On June 25 Richard Turnbull experienced acute abdominal pains at the 14,200-foot camp on the West Buttress. He was assisted by team members to the ranger station and diagnosed as suffering from unknown severe abdominal pains. Turnbull was flown off by an Army Chinook helicopter.
Military personnel and Volunteers in Parks performed several life-saving rescue missions, preventing statistics that would have rivaled the tragic seasons of 1976 and 1992. On June 9, a climber fell to his death and his climbing partners were rescued by the park service and the Army High Altitude Rescue Team.
Park service rescuers were helicoptered to the 19,600-foot plateau by an Army Chinook. They descended 400 feet to the climbers’ camp where they assisted and carried the survivors back up to the 19,600-foot plateau, where the Chinook evacuated them. This Chinook, piloted by Chief Warrant Officer 3 Bill Barker, landed twice at 19,600 feet. This set a new altitude record for this type of helicopter.

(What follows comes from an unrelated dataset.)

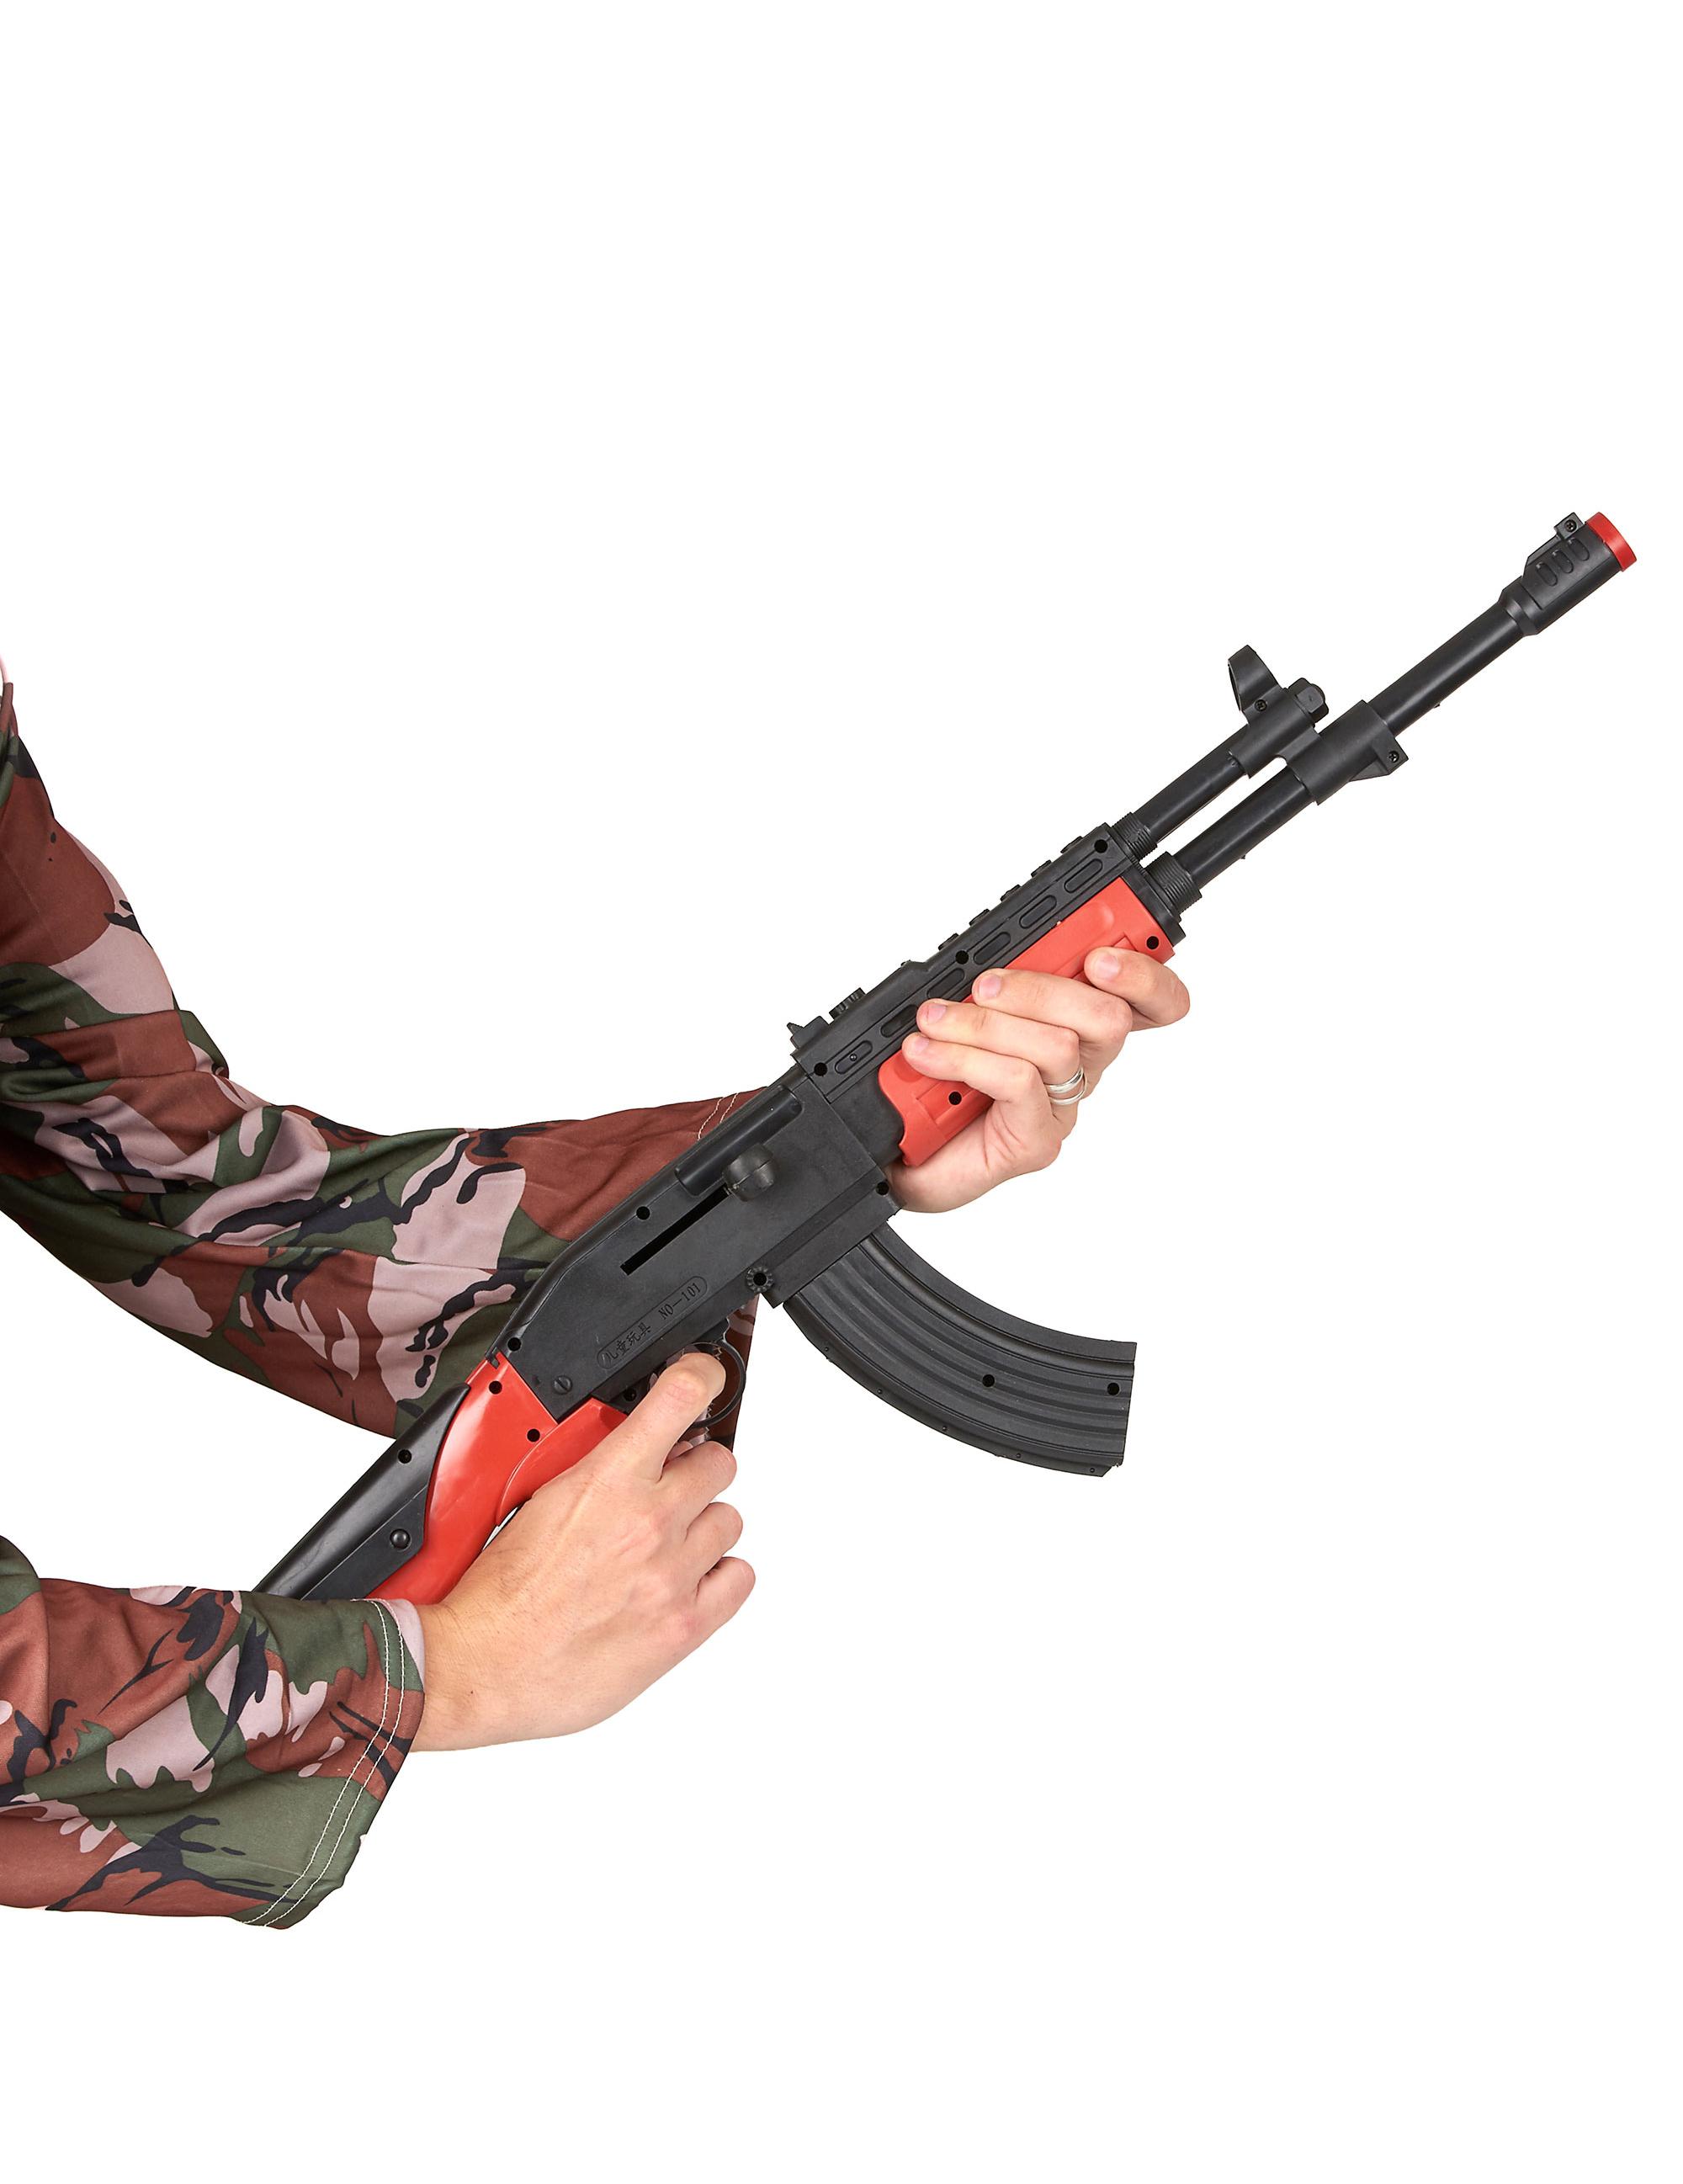 Kalachnikov de soldat en plastique adulte Cod.2466

On June 11, a climber fell while attempting a ski descent of Sultana Ridge on Mount Foraker and slid out of control approximately 2,000 feet before stopping at the edge of a 1,500-foot precipice. Members of his expedition assisted him to the 12,000-foot level. The Army's High Altitude Rescue Team, using a Chinook helicopter, winched a NPS rescue ranger and the injured man up into the helicopter.
On June 14, the NPS located three overdue Taiwanese climbers at the 19,400-foot elevation. Park service rescuers found one man dead. They assisted the two survivors to 17,000 feet where an Army Chinook helicopter airlifted them to Talkeetna.

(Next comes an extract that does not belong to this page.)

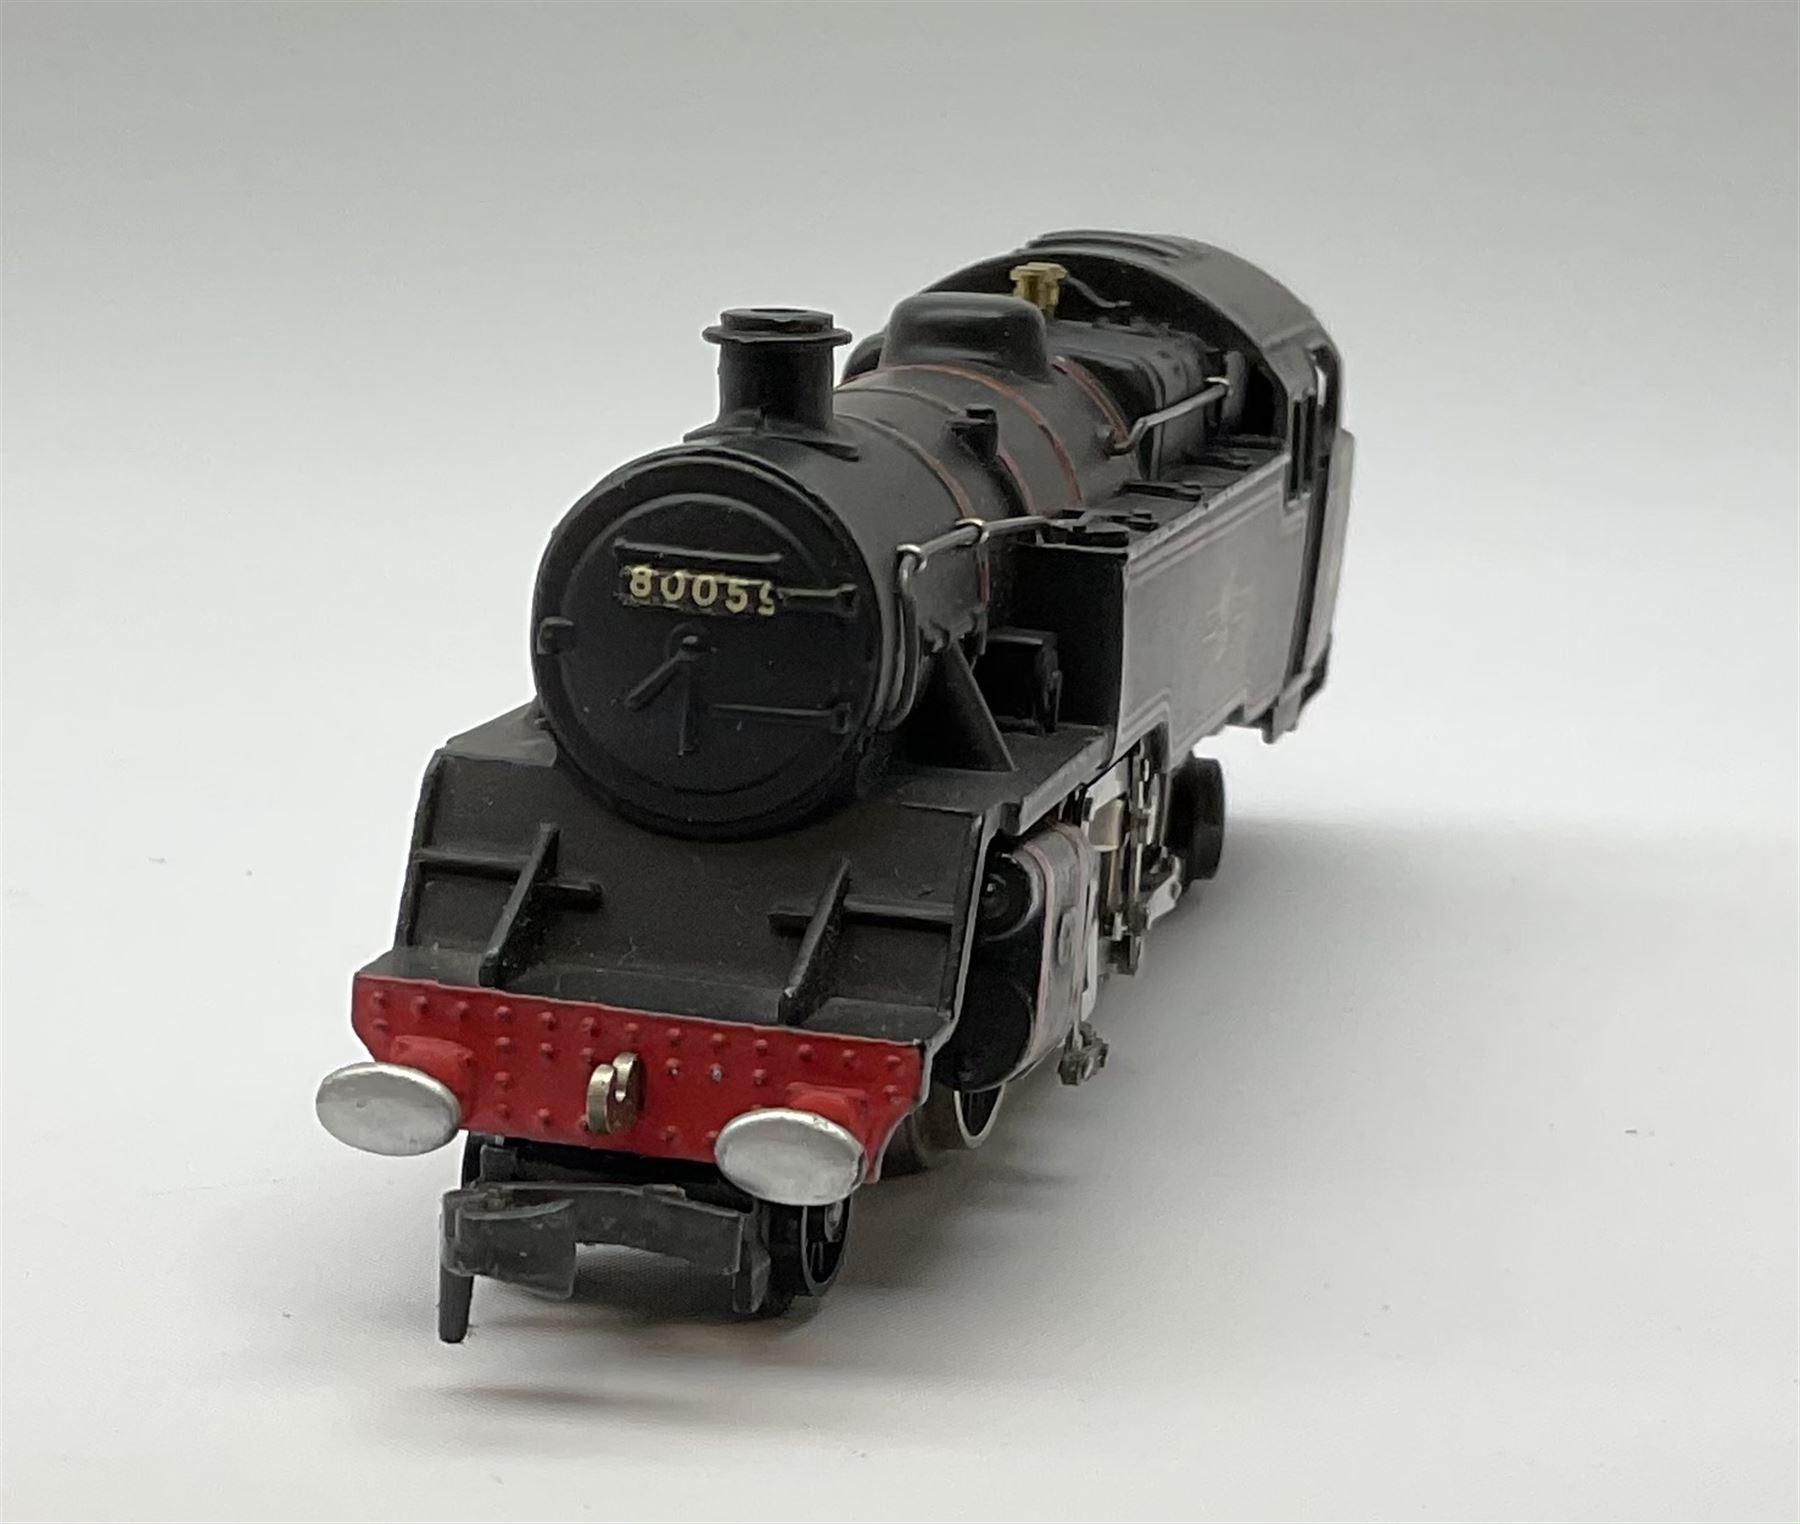 Hornby Dublo - three-rail 4MT Standard 2-6-4 Tank locomotive No.80059 with totems facing forward - Image 4 of 6

On June 18 eight British Military climbers were near the summit when three members of the team fell 300 feet from the 19,300-foot level on the West Rib. One member sustained head injuries. while another injured his ankles.
Two healthy partners remained at 19,000 feet to assist with the injured team members while the other four members descended to get help. On June 19, as the four healthy members descended, two other members fell 2,000 feet. These two climbers landed at the 15,800-foot level. One broke his leg in the fall and the other sustained only minor injuries. The ambulatory climber descended directly toward the 14.200-foot camp.
He fell twice more and, in the process, sustained frostbite to his fingers as he made his way out of crevasses. These two expedition members were rescued by NPS ground teams and transported to the 14.200-foot camp where they were evacuated by an Army Chinook helicopter on June 21 to an Anchorage hospital.
During the period of May 28 to June 1, NPS rangers and volunteers working out of the 14.200-foot camp responded to multiple incidents, including a broken leg, a mental breakdown, and other injuries. Two of the more seriously injured climbers were evacuated from the 14,200-foot camp by the U.S. Army Chinook helicopters on June 1.
Soldiers from Fort Wainwright's B Company, 1st Battalion, 52nd Aviation Regiment, 16th Combat Aviation Brigade, evacuated a man from Mount McKinley July 7, after reports that he was acting mentally unstable.
Although Denali National Park has the use of a helicopter during the climbing season, the Army was asked to assist because the man was considered a potential threat to a pilot in the park's small high-altitude helicopter. The 25-year-old climber was strapped to a backboard for transport in an Army Chinook CH-47 helicopter.